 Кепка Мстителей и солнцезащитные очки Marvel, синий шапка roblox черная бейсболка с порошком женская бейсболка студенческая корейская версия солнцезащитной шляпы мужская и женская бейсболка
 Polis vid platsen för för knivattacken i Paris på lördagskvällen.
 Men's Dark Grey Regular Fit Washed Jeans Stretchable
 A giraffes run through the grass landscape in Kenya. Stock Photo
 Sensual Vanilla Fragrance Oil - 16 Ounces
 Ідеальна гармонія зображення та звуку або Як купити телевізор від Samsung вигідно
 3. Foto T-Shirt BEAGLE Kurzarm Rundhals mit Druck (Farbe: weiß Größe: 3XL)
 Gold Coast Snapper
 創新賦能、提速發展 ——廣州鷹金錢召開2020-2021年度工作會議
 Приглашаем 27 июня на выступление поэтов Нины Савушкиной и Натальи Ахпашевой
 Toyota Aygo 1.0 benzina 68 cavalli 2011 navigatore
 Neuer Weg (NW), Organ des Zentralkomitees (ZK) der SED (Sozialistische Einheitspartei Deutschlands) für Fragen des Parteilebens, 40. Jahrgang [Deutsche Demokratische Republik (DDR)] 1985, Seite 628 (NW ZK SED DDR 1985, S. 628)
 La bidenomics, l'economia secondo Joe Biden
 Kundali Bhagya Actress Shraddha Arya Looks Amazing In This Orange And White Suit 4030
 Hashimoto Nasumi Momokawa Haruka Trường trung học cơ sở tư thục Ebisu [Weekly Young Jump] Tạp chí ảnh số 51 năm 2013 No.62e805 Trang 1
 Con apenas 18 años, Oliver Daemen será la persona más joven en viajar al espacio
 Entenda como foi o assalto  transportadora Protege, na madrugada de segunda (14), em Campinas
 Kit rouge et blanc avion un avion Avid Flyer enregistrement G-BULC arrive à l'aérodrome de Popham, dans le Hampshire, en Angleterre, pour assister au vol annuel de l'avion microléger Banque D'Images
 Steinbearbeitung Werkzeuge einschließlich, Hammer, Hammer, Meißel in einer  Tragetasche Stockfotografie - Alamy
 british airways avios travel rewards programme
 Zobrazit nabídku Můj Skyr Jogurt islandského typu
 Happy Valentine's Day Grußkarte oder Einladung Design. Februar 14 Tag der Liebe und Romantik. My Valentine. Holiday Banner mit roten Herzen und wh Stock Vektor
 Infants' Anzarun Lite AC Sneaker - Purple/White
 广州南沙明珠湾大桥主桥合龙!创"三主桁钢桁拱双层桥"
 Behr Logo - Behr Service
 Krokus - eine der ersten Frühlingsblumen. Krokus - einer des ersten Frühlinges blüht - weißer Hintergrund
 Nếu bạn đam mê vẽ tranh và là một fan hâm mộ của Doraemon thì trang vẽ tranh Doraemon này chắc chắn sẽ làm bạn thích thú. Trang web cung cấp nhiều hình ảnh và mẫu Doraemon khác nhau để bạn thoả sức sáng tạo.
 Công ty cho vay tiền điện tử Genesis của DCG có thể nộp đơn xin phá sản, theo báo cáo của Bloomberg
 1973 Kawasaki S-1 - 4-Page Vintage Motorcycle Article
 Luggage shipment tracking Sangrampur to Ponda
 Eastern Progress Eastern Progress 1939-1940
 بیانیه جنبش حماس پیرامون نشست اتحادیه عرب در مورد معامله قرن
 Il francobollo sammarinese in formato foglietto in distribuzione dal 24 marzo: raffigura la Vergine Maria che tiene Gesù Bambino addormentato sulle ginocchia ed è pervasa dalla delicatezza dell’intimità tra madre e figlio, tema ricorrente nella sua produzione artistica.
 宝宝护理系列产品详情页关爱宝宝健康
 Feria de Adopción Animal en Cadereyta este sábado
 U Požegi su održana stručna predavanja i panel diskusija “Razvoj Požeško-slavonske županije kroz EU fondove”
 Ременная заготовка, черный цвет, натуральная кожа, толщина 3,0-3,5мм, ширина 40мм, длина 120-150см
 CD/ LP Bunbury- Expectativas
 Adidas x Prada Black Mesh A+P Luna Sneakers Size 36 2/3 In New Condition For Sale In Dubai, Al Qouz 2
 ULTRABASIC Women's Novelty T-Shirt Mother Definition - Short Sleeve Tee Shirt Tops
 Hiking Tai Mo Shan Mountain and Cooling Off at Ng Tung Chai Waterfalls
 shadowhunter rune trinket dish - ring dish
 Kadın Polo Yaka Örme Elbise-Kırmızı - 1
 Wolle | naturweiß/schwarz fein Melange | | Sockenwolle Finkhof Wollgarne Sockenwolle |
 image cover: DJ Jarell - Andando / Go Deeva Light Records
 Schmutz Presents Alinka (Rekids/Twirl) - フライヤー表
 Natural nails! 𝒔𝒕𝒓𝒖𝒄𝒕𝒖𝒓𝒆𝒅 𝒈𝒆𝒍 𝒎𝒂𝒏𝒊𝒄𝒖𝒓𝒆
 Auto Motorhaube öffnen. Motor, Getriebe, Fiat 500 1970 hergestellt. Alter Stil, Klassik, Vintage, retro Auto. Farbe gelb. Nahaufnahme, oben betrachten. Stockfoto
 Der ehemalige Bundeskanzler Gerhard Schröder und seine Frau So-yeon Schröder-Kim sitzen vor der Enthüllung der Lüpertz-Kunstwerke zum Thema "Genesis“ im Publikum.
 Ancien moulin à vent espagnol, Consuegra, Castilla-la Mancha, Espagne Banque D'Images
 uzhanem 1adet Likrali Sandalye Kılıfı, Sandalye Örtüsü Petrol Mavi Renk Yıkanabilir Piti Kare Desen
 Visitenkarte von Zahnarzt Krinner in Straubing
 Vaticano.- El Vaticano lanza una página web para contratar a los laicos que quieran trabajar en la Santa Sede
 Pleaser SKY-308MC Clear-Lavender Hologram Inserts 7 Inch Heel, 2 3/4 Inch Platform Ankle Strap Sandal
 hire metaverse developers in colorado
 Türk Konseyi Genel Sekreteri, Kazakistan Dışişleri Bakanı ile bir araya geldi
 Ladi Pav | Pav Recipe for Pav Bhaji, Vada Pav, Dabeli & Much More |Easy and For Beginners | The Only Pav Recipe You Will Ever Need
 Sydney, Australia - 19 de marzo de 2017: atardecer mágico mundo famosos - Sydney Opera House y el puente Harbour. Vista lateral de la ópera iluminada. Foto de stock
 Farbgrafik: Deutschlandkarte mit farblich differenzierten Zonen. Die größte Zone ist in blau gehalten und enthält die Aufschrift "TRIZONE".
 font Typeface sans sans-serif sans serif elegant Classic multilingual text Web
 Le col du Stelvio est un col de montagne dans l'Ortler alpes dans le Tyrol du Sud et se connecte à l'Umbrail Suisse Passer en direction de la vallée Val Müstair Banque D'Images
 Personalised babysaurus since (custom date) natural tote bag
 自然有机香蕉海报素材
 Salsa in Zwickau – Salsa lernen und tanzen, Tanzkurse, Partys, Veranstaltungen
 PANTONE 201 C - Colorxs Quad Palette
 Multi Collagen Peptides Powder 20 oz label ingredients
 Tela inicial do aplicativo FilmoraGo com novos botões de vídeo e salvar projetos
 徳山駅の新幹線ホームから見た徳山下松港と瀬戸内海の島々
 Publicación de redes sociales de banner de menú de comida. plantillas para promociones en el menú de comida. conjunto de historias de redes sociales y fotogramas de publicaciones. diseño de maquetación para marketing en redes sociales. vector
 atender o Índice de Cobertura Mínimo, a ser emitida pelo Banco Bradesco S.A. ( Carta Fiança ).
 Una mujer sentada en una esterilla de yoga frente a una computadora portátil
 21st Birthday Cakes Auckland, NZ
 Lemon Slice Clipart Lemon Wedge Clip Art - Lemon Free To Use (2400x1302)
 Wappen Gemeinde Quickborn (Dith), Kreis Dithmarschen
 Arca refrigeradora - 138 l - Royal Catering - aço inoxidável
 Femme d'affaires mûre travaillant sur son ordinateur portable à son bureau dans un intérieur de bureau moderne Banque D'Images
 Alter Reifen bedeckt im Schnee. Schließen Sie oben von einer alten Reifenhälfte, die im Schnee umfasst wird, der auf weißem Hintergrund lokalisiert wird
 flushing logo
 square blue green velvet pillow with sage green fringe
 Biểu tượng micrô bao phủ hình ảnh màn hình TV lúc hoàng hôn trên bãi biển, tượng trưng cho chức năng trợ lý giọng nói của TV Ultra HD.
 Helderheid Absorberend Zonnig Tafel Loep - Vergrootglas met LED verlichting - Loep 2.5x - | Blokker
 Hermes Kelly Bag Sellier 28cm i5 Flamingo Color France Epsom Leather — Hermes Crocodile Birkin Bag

WHAT YOU HAVE TO DO »
Above are the entries. Quote exactly the lines from the one bearing "Auto Motorhaube öffnen." through the one bearing "Farbgrafik: Deutschlandkarte mit".

EXERCISE RESPONSE »
 Auto Motorhaube öffnen. Motor, Getriebe, Fiat 500 1970 hergestellt. Alter Stil, Klassik, Vintage, retro Auto. Farbe gelb. Nahaufnahme, oben betrachten. Stockfoto
 Der ehemalige Bundeskanzler Gerhard Schröder und seine Frau So-yeon Schröder-Kim sitzen vor der Enthüllung der Lüpertz-Kunstwerke zum Thema "Genesis“ im Publikum.
 Ancien moulin à vent espagnol, Consuegra, Castilla-la Mancha, Espagne Banque D'Images
 uzhanem 1adet Likrali Sandalye Kılıfı, Sandalye Örtüsü Petrol Mavi Renk Yıkanabilir Piti Kare Desen
 Visitenkarte von Zahnarzt Krinner in Straubing
 Vaticano.- El Vaticano lanza una página web para contratar a los laicos que quieran trabajar en la Santa Sede
 Pleaser SKY-308MC Clear-Lavender Hologram Inserts 7 Inch Heel, 2 3/4 Inch Platform Ankle Strap Sandal
 hire metaverse developers in colorado
 Türk Konseyi Genel Sekreteri, Kazakistan Dışişleri Bakanı ile bir araya geldi
 Ladi Pav | Pav Recipe for Pav Bhaji, Vada Pav, Dabeli & Much More |Easy and For Beginners | The Only Pav Recipe You Will Ever Need
 Sydney, Australia - 19 de marzo de 2017: atardecer mágico mundo famosos - Sydney Opera House y el puente Harbour. Vista lateral de la ópera iluminada. Foto de stock
 Farbgrafik: Deutschlandkarte mit farblich differenzierten Zonen. Die größte Zone ist in blau gehalten und enthält die Aufschrift "TRIZONE".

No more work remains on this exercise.